The study was done in referral centers and included patients with very difficult-to-treat epilepsy, so the results may not apply to all children with epilepsy. The 40% retention rate may make longer-term results harder to interpret. The abstract also does not give full details on seizure freedom rates, side effect types, or how results differed by age group or epilepsy type.

For families and caregivers

For families of children with focal, drug-resistant epilepsy, this study suggests that cenobamate may help some young people when added to other seizure medicines, including younger pediatric patients. It also suggests that some patients had other seizure medicines reduced or discontinued over time.
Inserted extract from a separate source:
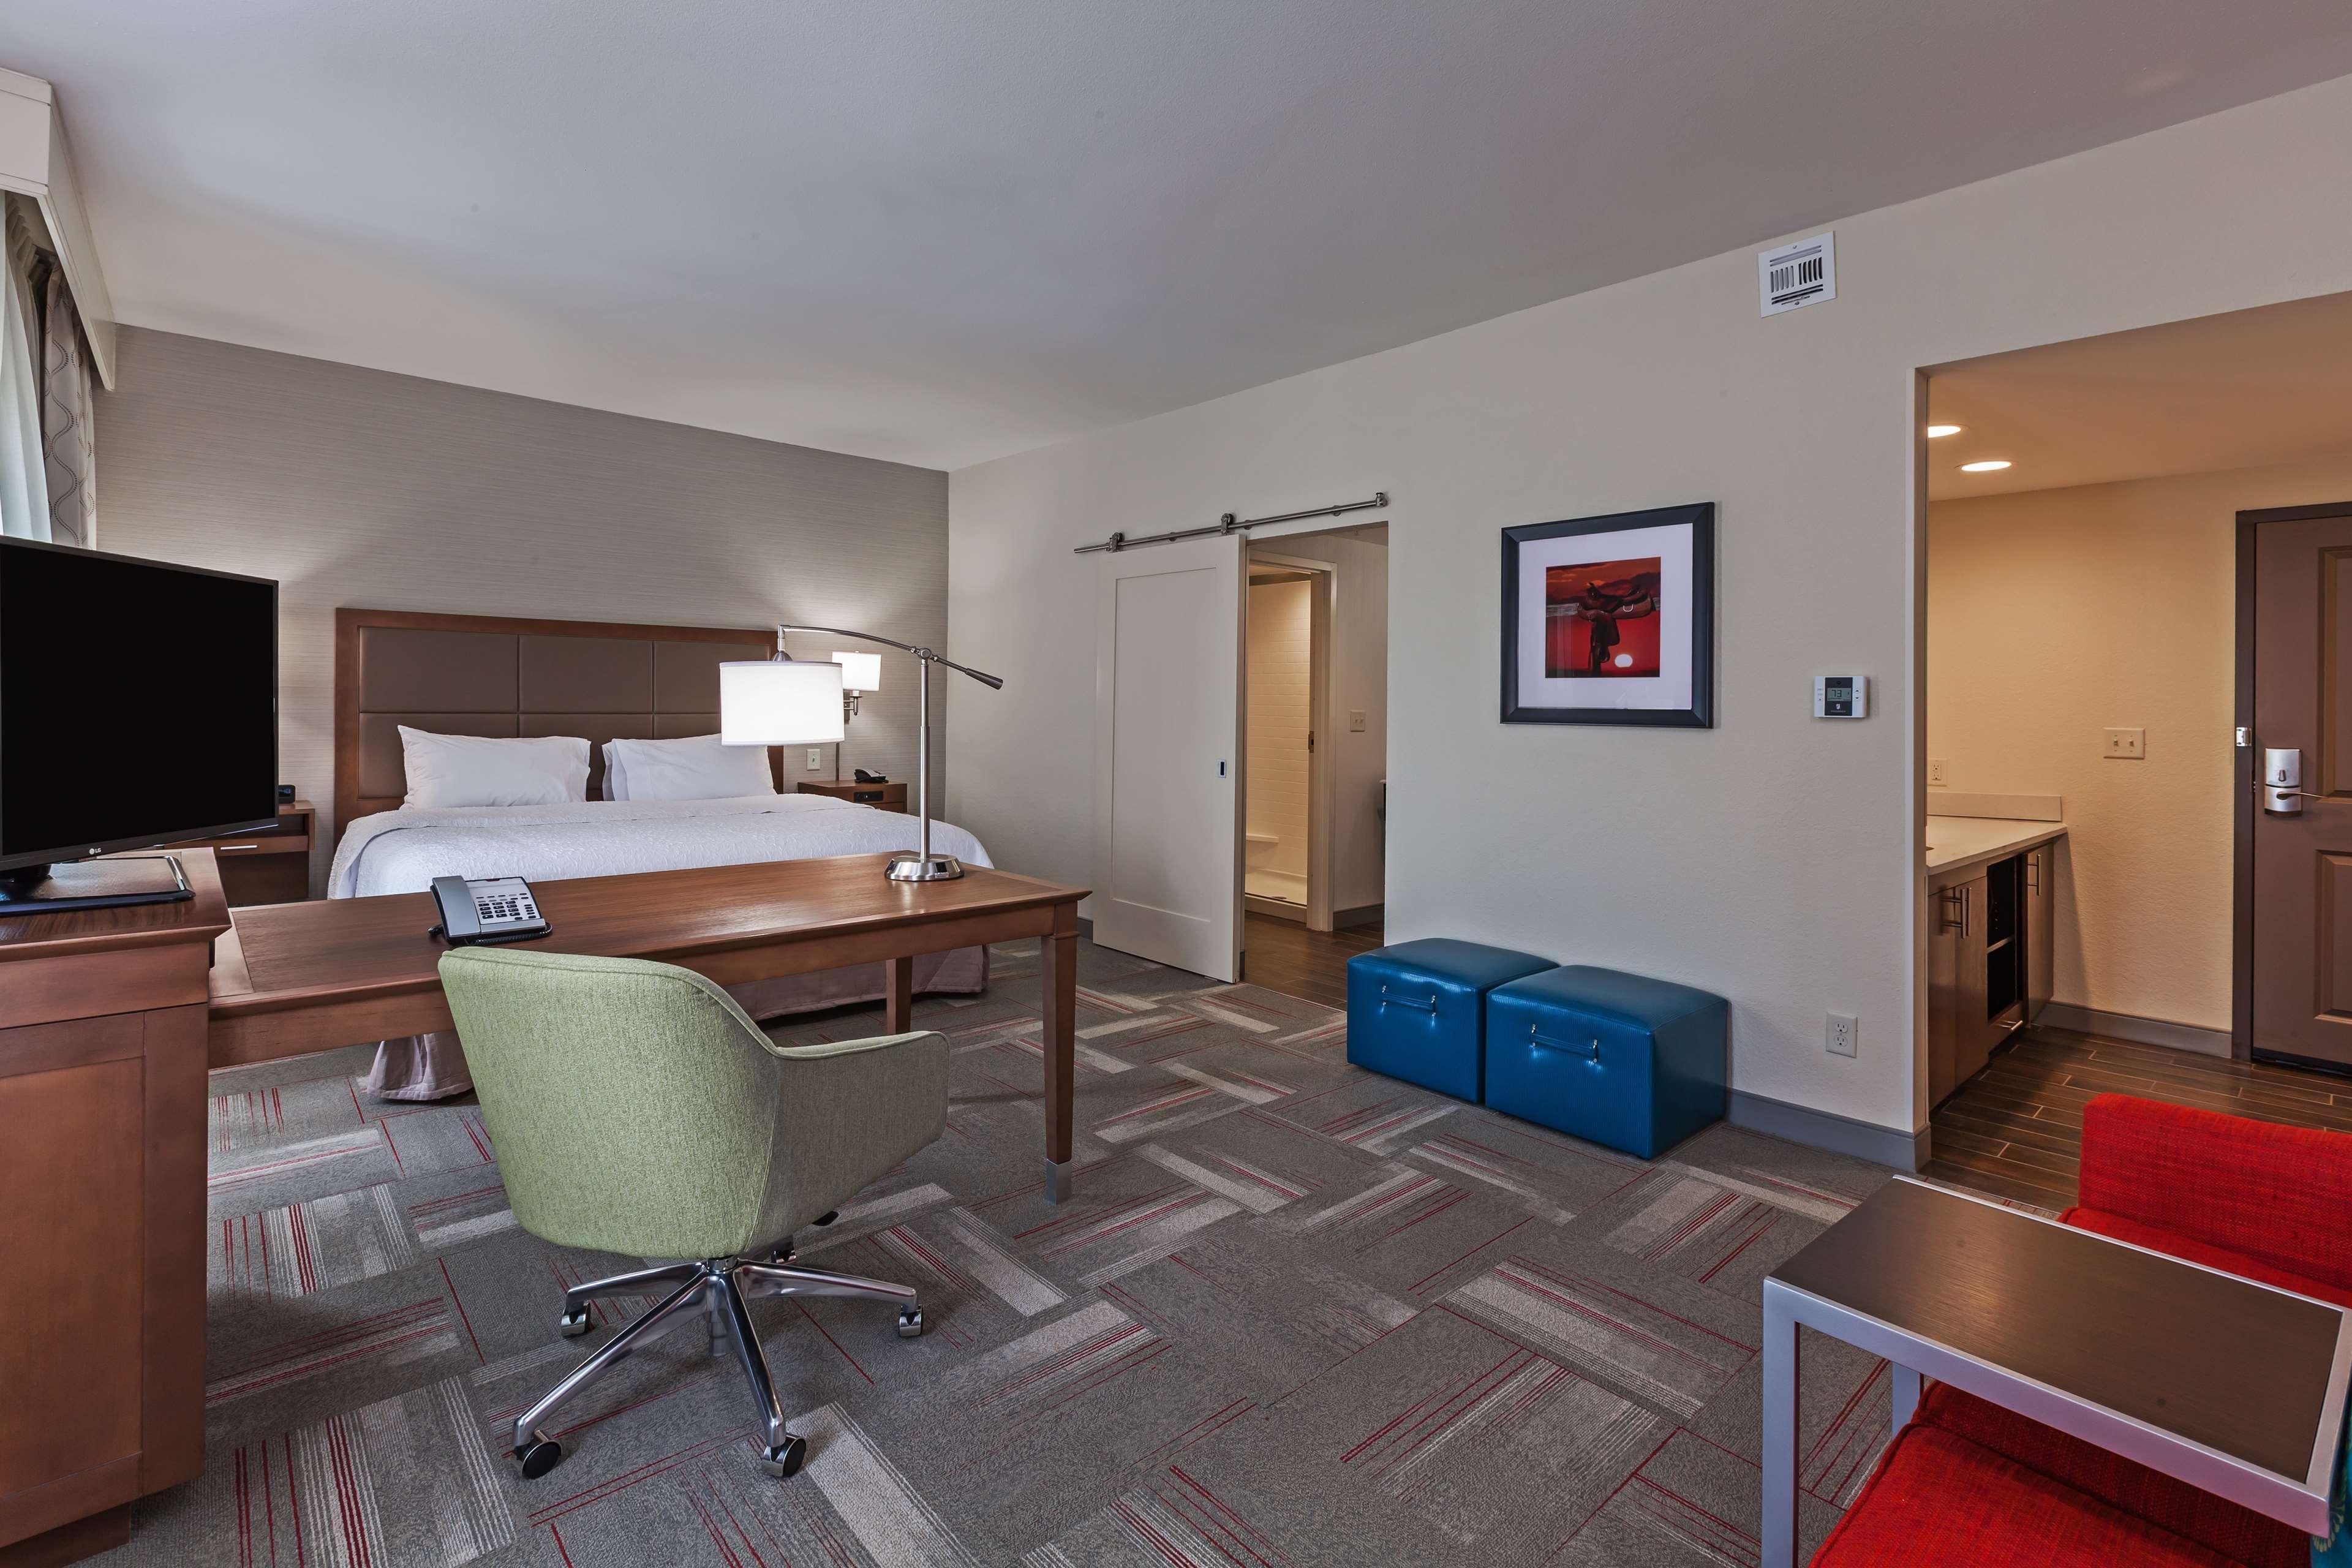 Hampton Inn & Suites Claremore image 21

Still, this is retrospective real-world evidence, not proof from a controlled pediatric trial. Families may want to ask a child’s epilepsy specialist how cenobamate fits with the child’s seizure type, age, other medicines, and side effect risks.

What to watch next

Prospective pediatric studies could help clarify how cenobamate compares with other treatment options and provide more detail on side effects, seizure freedom, and outcomes in different age groups or epilepsy types.

Terms in this summary

adjunctive therapy
A treatment used together with another treatment, not by itself.
drug-resistant epilepsy
Epilepsy that does not come under good control after trying appropriate seizure medicines.
retrospective study
A study that looks back at existing medical records instead of following patients forward from the start.
multicenter study
A study done at more than one hospital or clinic.
focal epilepsy
Seizures that start in one area of the brain.
retention rate
The percentage of patients who are still taking a treatment after a certain amount of time.
anti-seizure medicines
Medicines used to prevent or reduce seizures.
developmental delay
When a child is slower than expected in reaching learning, speech, movement, or social milestones.